Let's load the textfiles

In [None]:
from pathlib import Path
datadir = Path('../data/raw/tanach').resolve()

files = list(datadir.glob("*.txt"))

Let's pick a text file and see what it looks like

In [None]:
filepath = files[16]
filepath

In [None]:
with filepath.open() as f:
    text = f.read()
text.split("\n")[0:10]

So, we have some unicode characters. They are special characters that denote which text should be read from left to right, or right to left. We will need to remove these characters from the text. We will also replace \xa0 with a space.

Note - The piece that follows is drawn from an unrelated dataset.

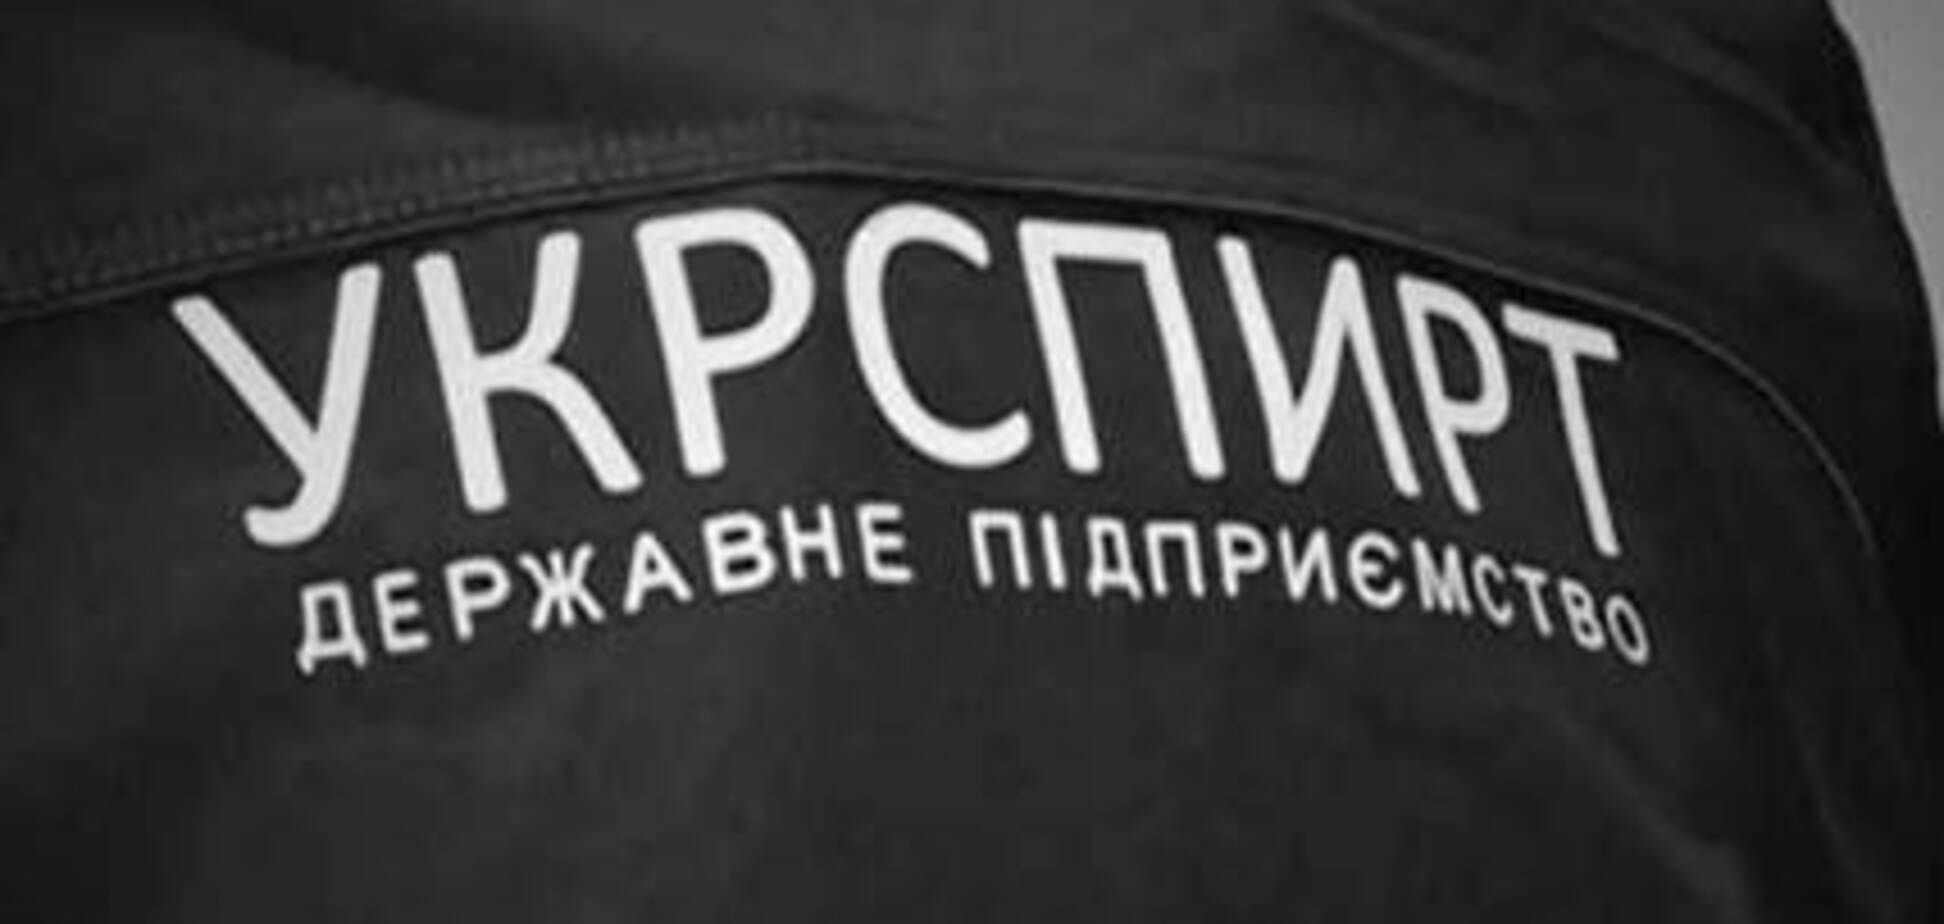 Производители водки обратились в Антимонопольный комитет с требованием разобраться с коррупцией в Укрспирте

In addition to that, there is some information about the book and chapter at the beginning of the file, denoted with "xxxx". We will some of the specific patterns of the text to process the text (eg skip the lines starting with xxxx, and extract chapter number and verse)

In [None]:
import re
from loguru import logger
def clean(text):
    ucodes = r"\u202a|\u202b|\u202c|\u05c3"
    text = re.sub(ucodes, "", text)
    text = re.sub(r"\xa0", " ", text)
    return text

def parse_text(text, bookname):
    startswithx = r"xxxx"
    digits = r"\d+\s+\d+"
    cleaned = clean(text)
    data = []
    for i, line in enumerate(cleaned.split("\n")):
        if re.match(startswithx, line):
            pass
        else:
            match = re.search(digits, line)
            if match:
                num = match.group(0)
                verse, chap = num.split()
                line = re.sub(digits, "", line)
                data.append({"book": bookname, "chap": int(chap), "verse": int(verse), "text": line})
            else:
                data[-1]["text"] += " " + line
                logger.warning(f"Line {i}:{line} in {bookname} is added to {chap}:{verse}")
    return data


In [None]:
import pandas as pd

In [None]:
testament = []
for filepath in files:
    with filepath.open() as f:
        text = f.read()
        bookname = filepath.stem
        data = parse_text(text, bookname)
        testament.extend(data)

We now have the data stored in a DataFrame, with book, chapter and verse metadata, and the text of the verse. We can now use this data to do some analysis.

In [None]:
df = pd.DataFrame(testament)
df

In [None]:
df.book.unique()

In [None]:
df.to_parquet("../data/processed/tanach.parquet")